Crypto-backed stablecoins
These are stablecoins created by pledging other cryptocurrencies (ETH, BTC,…). However, holding a reserve in cryptocurrency can lead to extreme volatility of the reserve asset, which is why crypto-backed stablecoins need to be held in reserve beyond the value of the stablecoin that can be minted In addition, ensuring the stability of this type of stablecoin. Overcollateralized means that the assets backing a stablecoin are worth more than the value of the stablecoins in circulation.
For example: DAI (MakerDAO), USDS (Sperax)
Currently, DAI is the largest and most popular stablecoin in this type of stablecoin with a capitalization ranking in the top 3 on the market, reaching more than 4 billion US dollars. This is because DAI is used in MakerDAO's ecosystem with dozens of different projects and is supported and integrated on many other platforms to increase profit generation (For example: Binance , OKX, Kucoin,…)
Algorithmic stablecoins
Algorithmic stablecoins use algorithms and smart contract mechanisms to regulate their stability. If demand is high, the price of each stablecoin exceeds the expected anchor and the software increases the supply. Additionally, if demand is low, supply will decrease.
These stablecoins are currently considered the most risky today, and crypto history has also seen cases where their value went to zero, destroying billions of dollars in value.
For example, in the case of UST (Stablecoin on Terra), when UST was sold off massively and lost its peg, the mechanism automatically minted LUNA (the platform's coin) to compensate for the value of UST. However, the total supply of LUNA is not limited, leading to a domino effect, causing Terra's ecosystem, which is ranked 4th in the market in terms of capitalization, to completely collapse after just a few days. It is also one of the most prominent examples of algorithmic stablecoins.
For example: UST, FRAX, USDD,….
4. Risks of stablecoins
Transparency: While stablecoins are claimed to have reserves equivalent to their circulating value. However, if these reserves are stored and managed by several banks and other third parties, what will happen if these parties run into problems? (Similar to the case where USDC lost its peg for part of the reserves managed by SVB and SVB was on the brink of bankruptcy). In addition, another big question arises: "Are these reserve funds holding the amount of collateral assets as declared?". No one can verify this.
Going against the inherently decentralized nature of crypto: Most stablecoins are controlled by centralized companies, with full decision-making power in their hands. For example, USDC has publicly stated that it can be suspended if funds are used illegally. And this also happened in 2020, Circle (the company behind USDC) froze $100,000 USDC at the behest of law enforcement.

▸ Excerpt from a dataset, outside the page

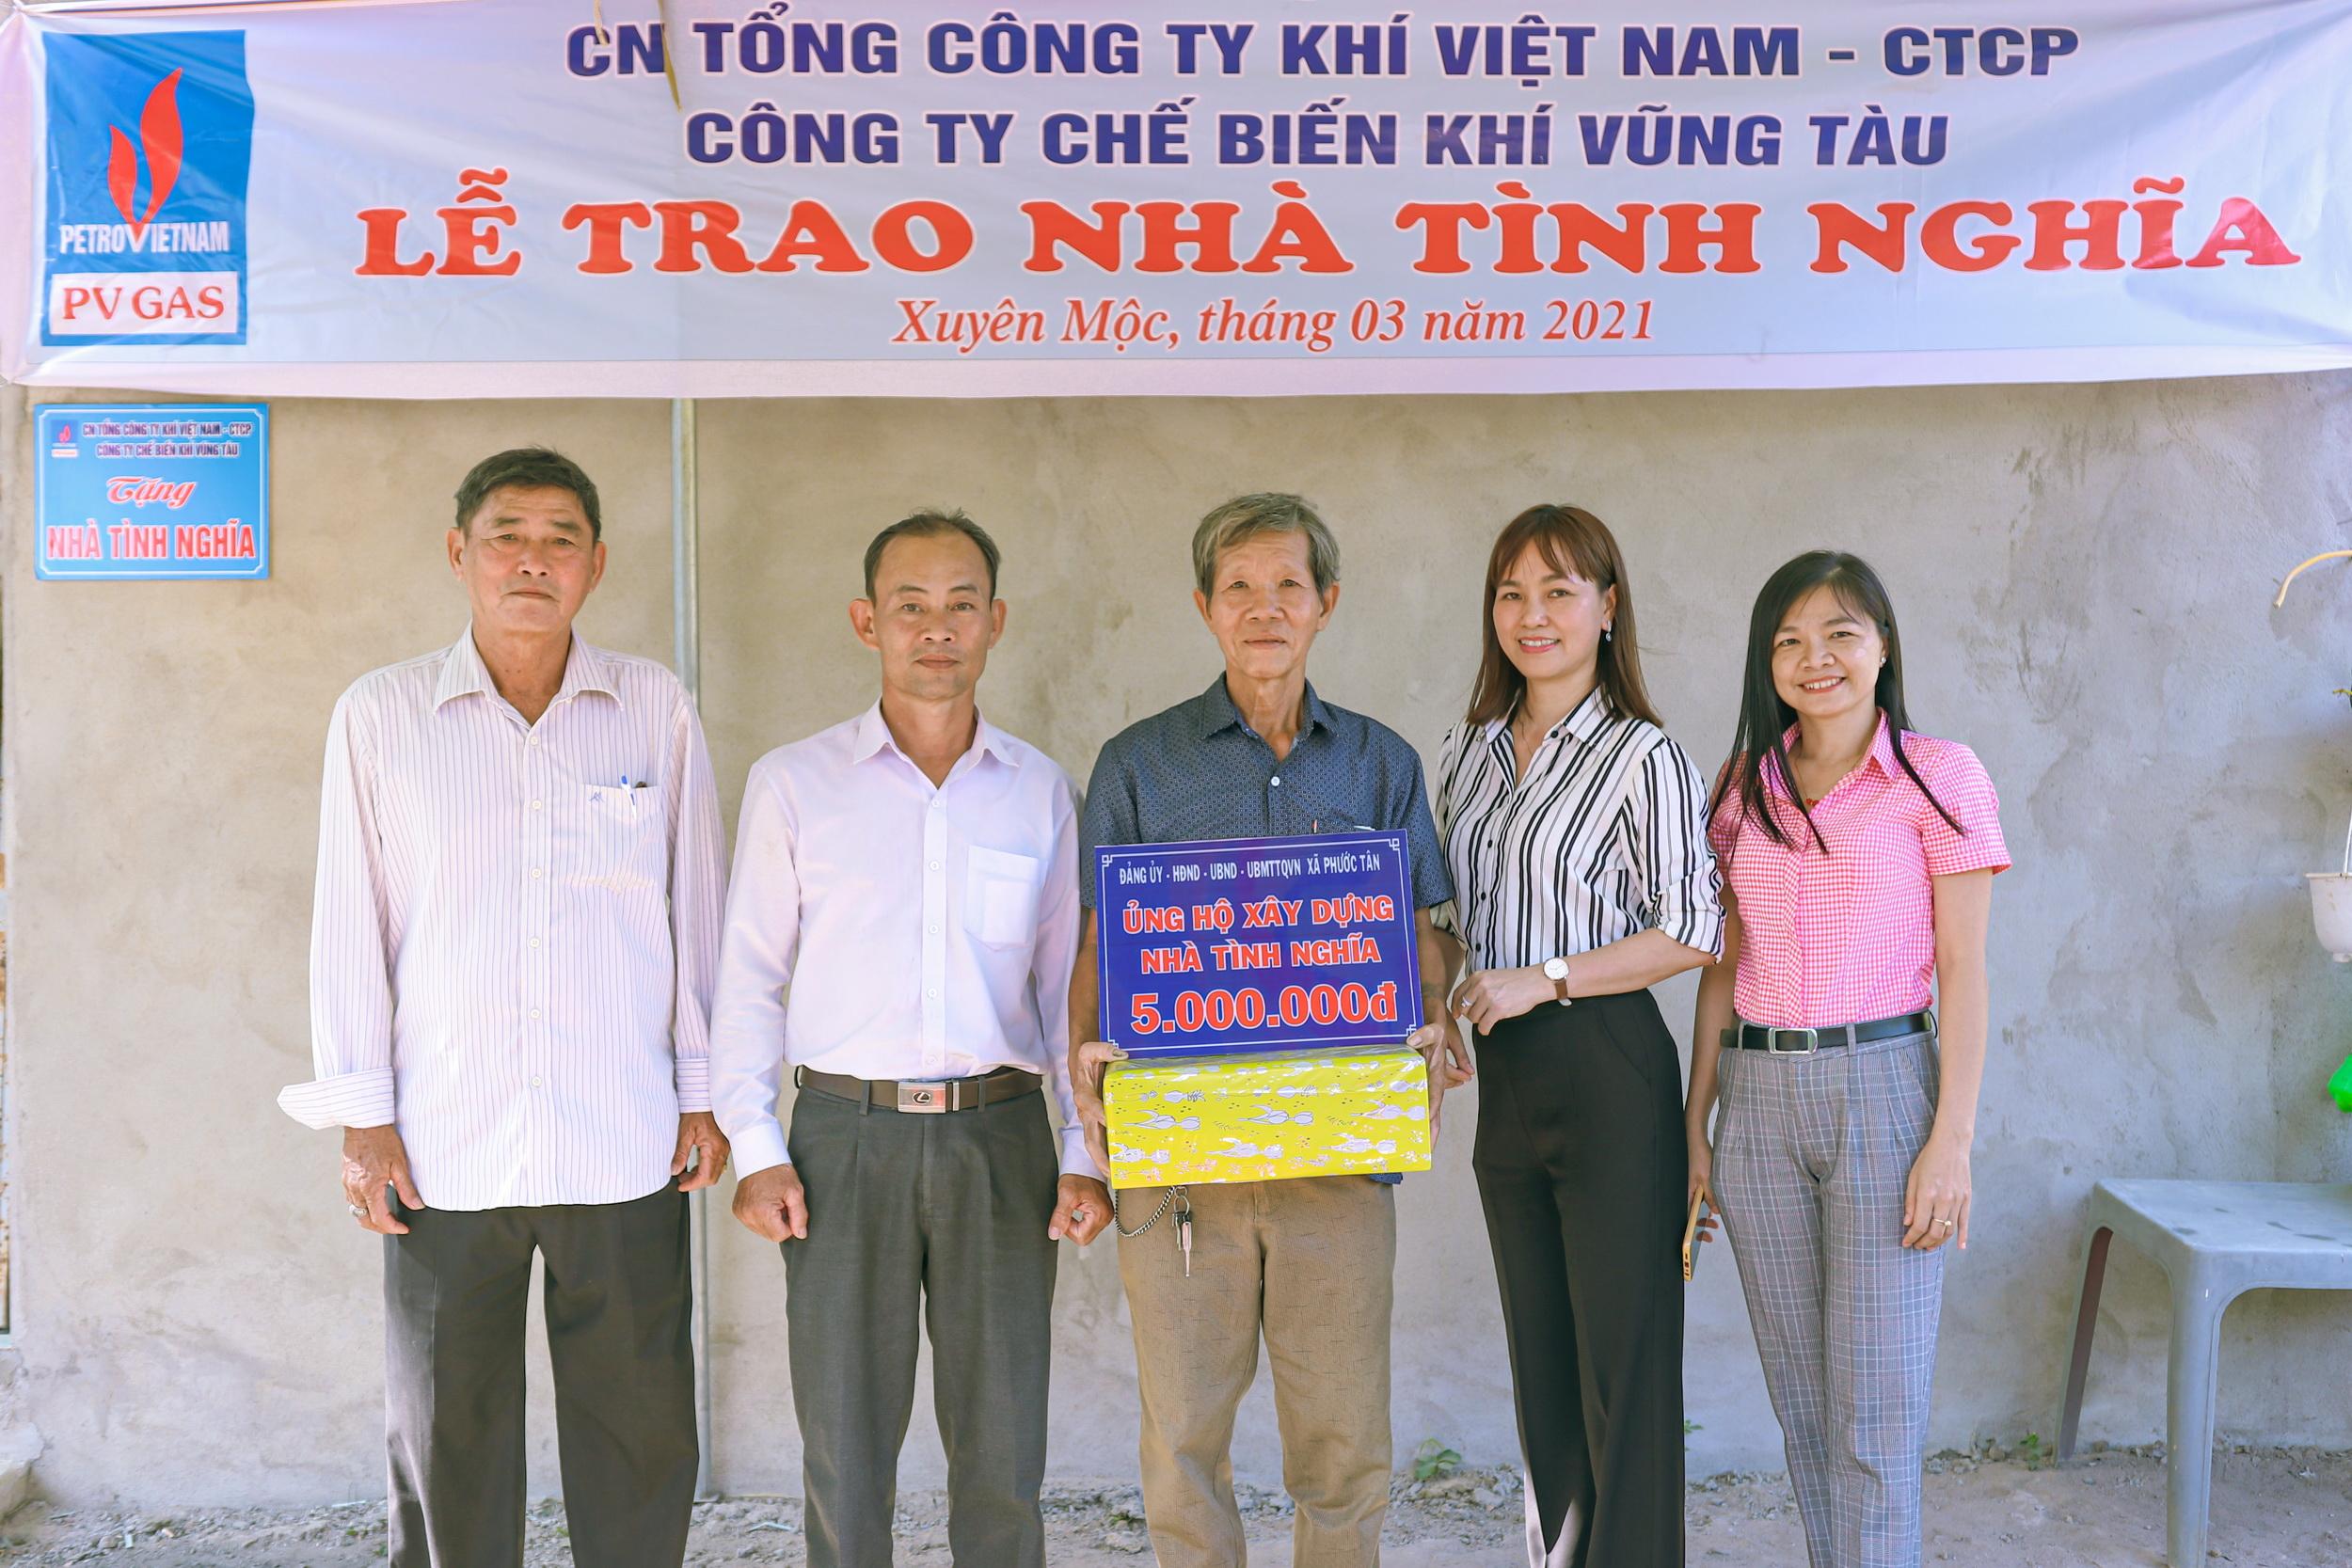 Chính quyền Xuyên Mộc hỗ trợ các gia đình ổn định cuộc sống mới

Depeg Risk: Stablecoins that are not explicitly backed by reserve assets are likely to lose their peg, especially algorithmic stablecoins. In general, undercollateralized stablecoins will always be at higher risk than overcollateralized or equivalently backed stablecoins.
5. Conclusion
Stablecoins are one of the core elements of the decentralized finance market, this has been proven over the nearly 10 years since the first stablecoin was launched. The application of stablecoins in payments is also gradually being accepted and expanded in many different countries. However, users also need to be aware of the potential risks that can occur with stablecoins so as not to store the majority of assets in the form of stablecoins, even though their volatility is currently quite low.